THE AUGUST SURPRISE

Washington Watch

August 30, 2004 

Dr. James J. Zogby ©

President

 Arab American Institute

It wasn’t supposed to be this way. 

Democrats expected that their presidential nominee, Senator John Kerry, would have a very different August.  The plan was for Kerry and his running mate Senator John Edwards to leave the Democratic Convention and embark on a week-long multi-state tour, still basking in the glow of their recent nominations.  That would carry them to the start up of the 2004 Olympic games at which point, it was believed, that the nation would take a two-week break from politics.  

But it was not to be.  

Kerry’s post-Convention tour was matched by President Bush’s own multi-state swing that on a few occasions placed both Bush and Kerry in the same state on the same day.

Then in early August, a small group of Vietnam War veterans launched an advertising campaign that first attacked Kerry’s war record and then his post-war leadership in the anti-war movement.  The group, calling itself Swift Boat Veterans for Truth (SBVT) started a national controversy that has lasted over three weeks.  The debate they produced dominated the national news and, to some degree, eclipsed the gains that Kerry had hoped to achieve following the Democratic Convention.

Although the SBVT purchased only a small number of ads that ran in only three states, the controversy has reached across the country.  A recent poll shows that more than 80% of Americans have seen or heard of the SBVT ad effort.  And while, by a margin of two to one, Americans don’t believe the group’s assertion that Kerry lied about his Vietnam record, the ads have taken a toll.  

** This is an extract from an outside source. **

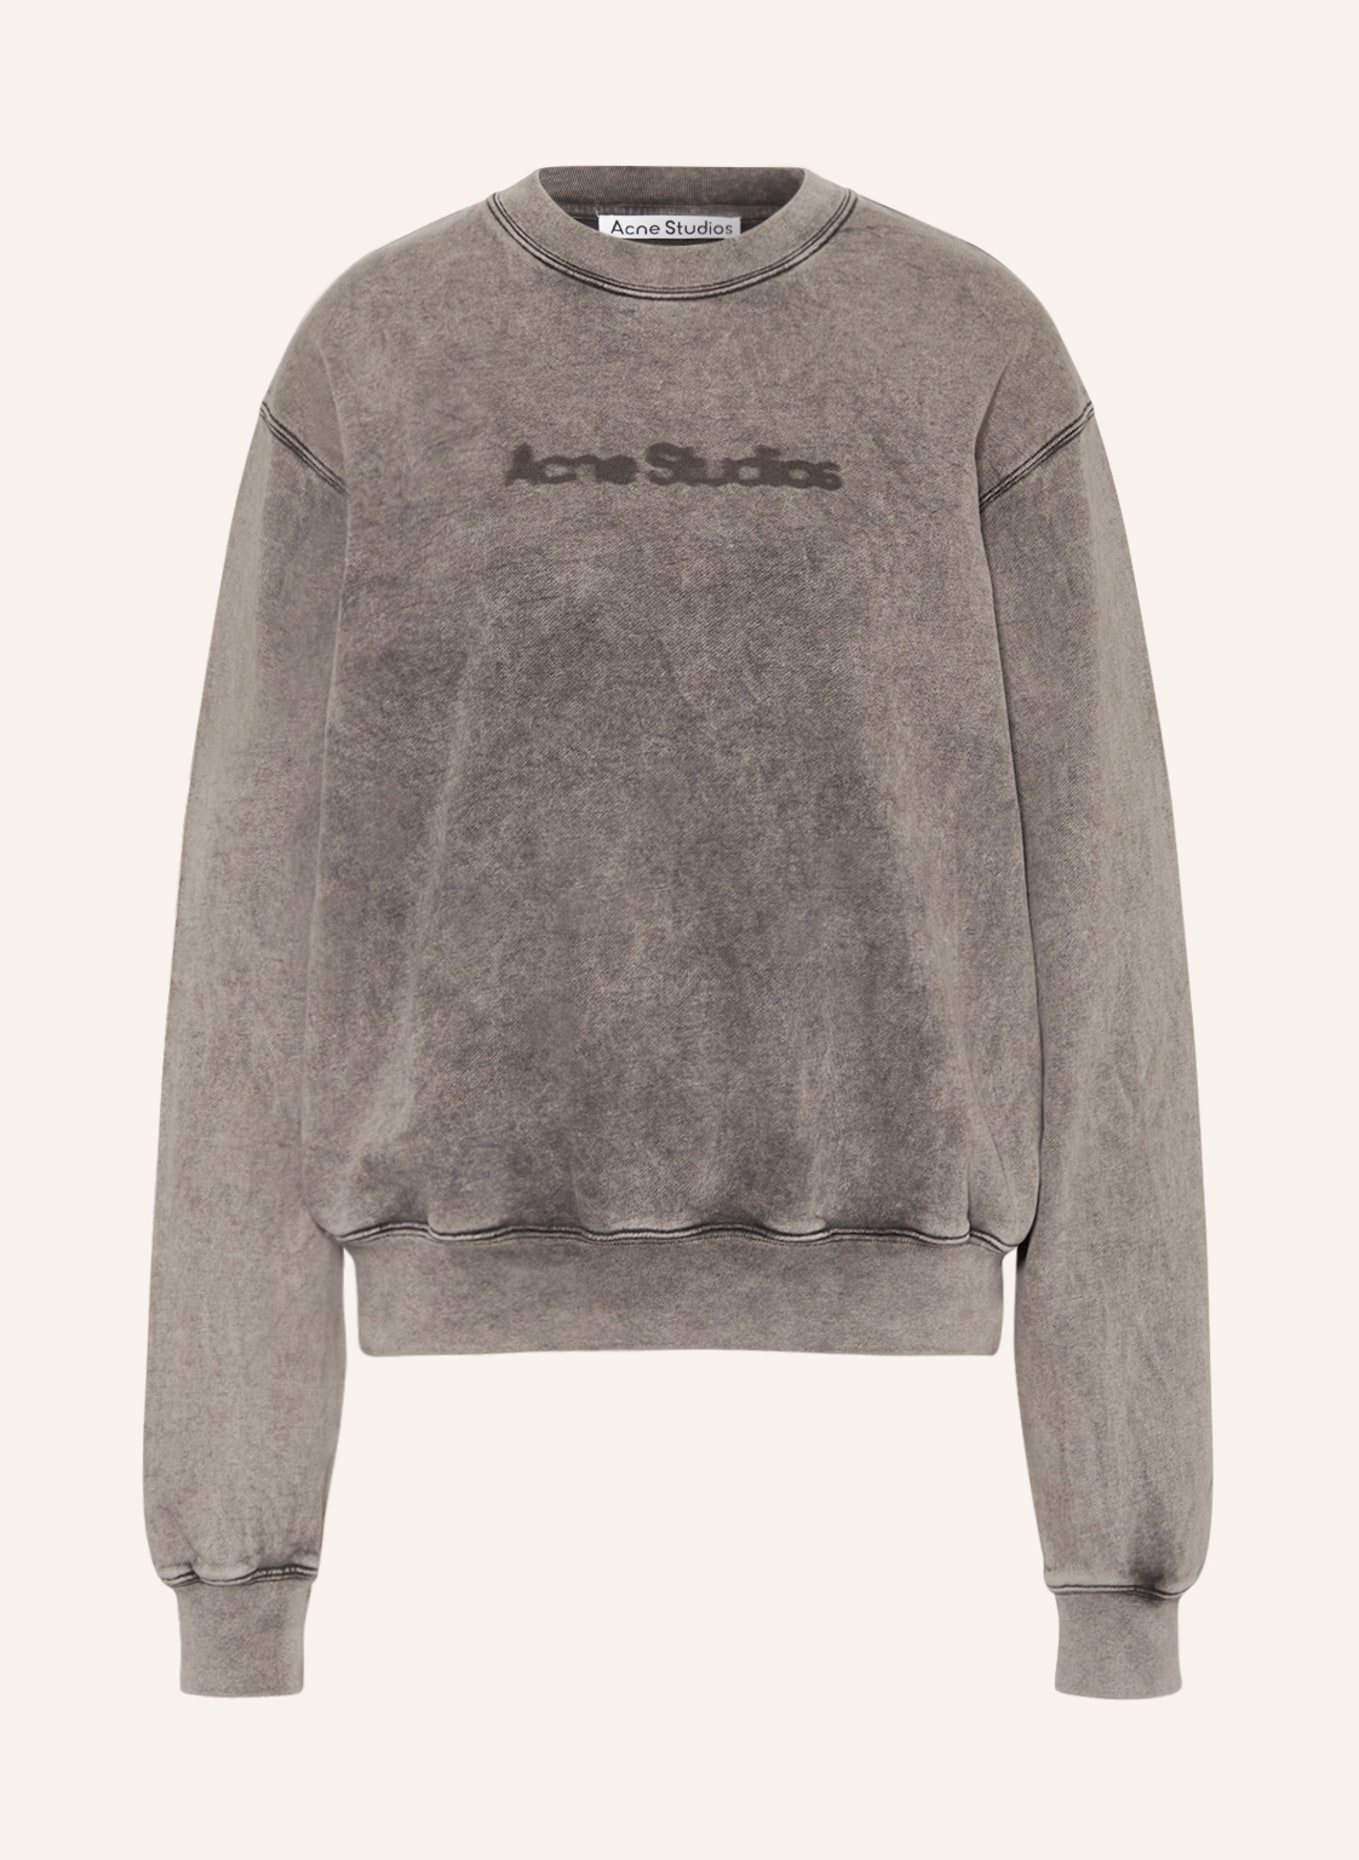 Acne Studios Sweatshirt, Color: GRAY (Image 1)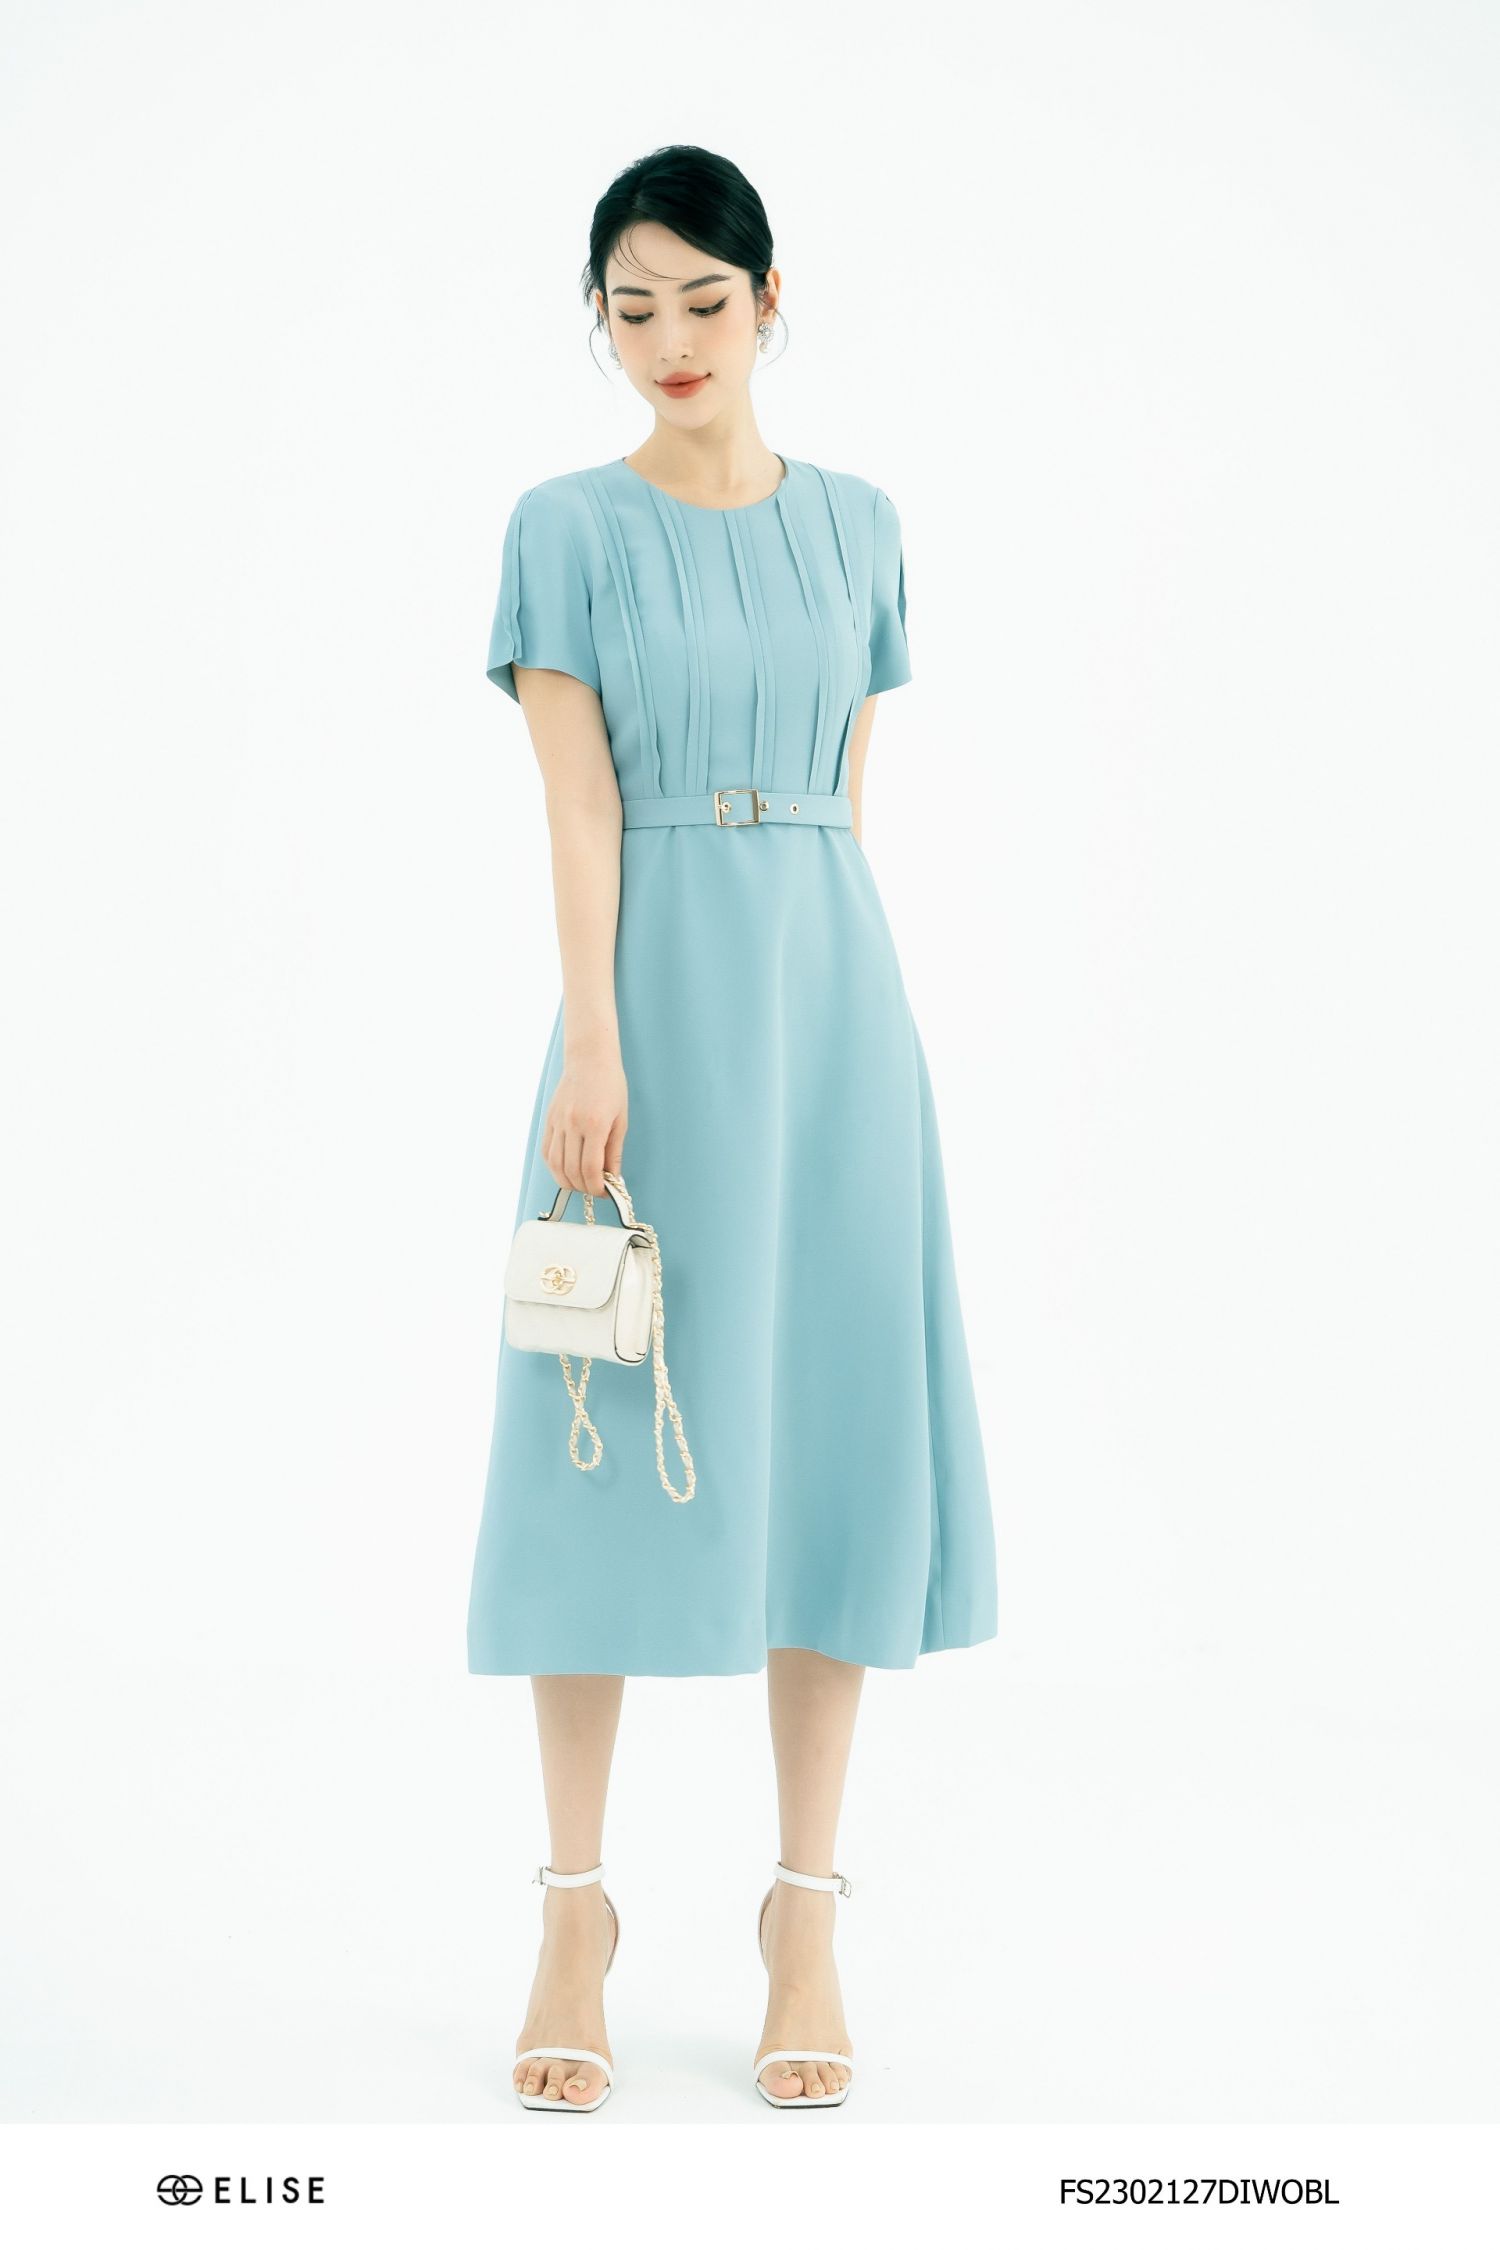 Đầm công sở nữ thiết kế xòe tay ngắn sọc xanh dương hợp đi làm đi chơi mềm  mát may 2 lớp - Thời trang Lux W | Lazada.vn

The Democratic Convention’s projected image of Kerry as a war hero has now been, for some voters, tarnished, and called into question.  More significantly for the campaign, for three weeks now, the Kerry campaign has been forced into a defensive strategy, unable to project its own message and to define the thrust of the overall debate.  And so, instead of a post-Convention debate that focused on the issues Democrats hoped to raise (the conduct of the war in Iraq, the state of the economy, healthcare, etc.), the evening news was dominated by debates over how bad were Senator Kerry’s wounds were during the war, and was he or was he not in Cambodia on a given day, 36 years ago.

There are several reasons to account for this turn of events. The first, of course, is the war issue itself.  By focusing the Democratic Convention on Kerry’s Vietnam record, the Massachusetts Senator’s opponents were invited to reopen old wounds of that era.  Democrats sought to project the fact that Kerry served in combat (with the not-so subtle subtext that President Bush did not), that he was wounded, and awarded for heroism in battle.  But Kerry was not just any Vietnam veteran; he came home and played a leading role as one of the more articulate spokespersons in the anti-war movement, an effort that more than three decades later some veterans can neither forgive nor forget.  

While “Vietnam” has become a metaphor or a symbol for many Americans, for the generations that fought the war or fought against the war, it remains a deeply personal issue—a wound that has never healed.  One prominent columnist recently noted that when the Vietnam era generation have retired to nursing homes, they will still be fighting the war, with their canes.  

But while that Vietnam syndrome was the spark, what allowed the wild fire to spread and grow, engulfing all that came in its wake, was the deep partisan divide, the domination of 24-hour news media, coupled with the growing importance of the internet, and the persistence of talk radio programs as vehicles to spread information.  

Even before the SBVT ads were aired on television, the content of the ads had been played over and over again on the news networks and on the internet.  Fox News and its assorted daily programs gave the ad full coverage, and the other networks followed suit.  With such wall-to-wall coverage, the ad and the debate it sparked quickly became a national news story, finding its way into the evening news and in print on the front pages of the nation’s newspapers.

While some have faulted the Kerry campaign for not responding more quickly to the challenge presented in the ads, it is difficult to see how even a more rapid response would have stopped the effort.  For their part, Democrats did not want to have their campaign diverted by what they hoped would be distraction.  The choices they faced were uncomfortable at best.  But in the end, the challenge that “Kerry had lied,” had to be addressed head-on, even if it fueled the story another day.  

The lessons of this past August are clear—conventions and events may be scripted, but the dynamics of the overall campaign cannot be.  Politics is both a rough and dirty contact sport, and an unpredictable one as well.  In a deeply divided partisan environment driven by multiple information sources, surprises are the order of the day.

The dust seems to have settled on the Swift Boat controversy as the Presidential campaign now moves to New York for the start of the Republican Convention.  What will be the next “surprise” that will spark controversy in September or October?  And will it, like the Swift Boat controversy, ignite yet another wildfire that will dominate the Presidential campaign, and divert attention from the issues that both campaigns should be debating before the electorate this year?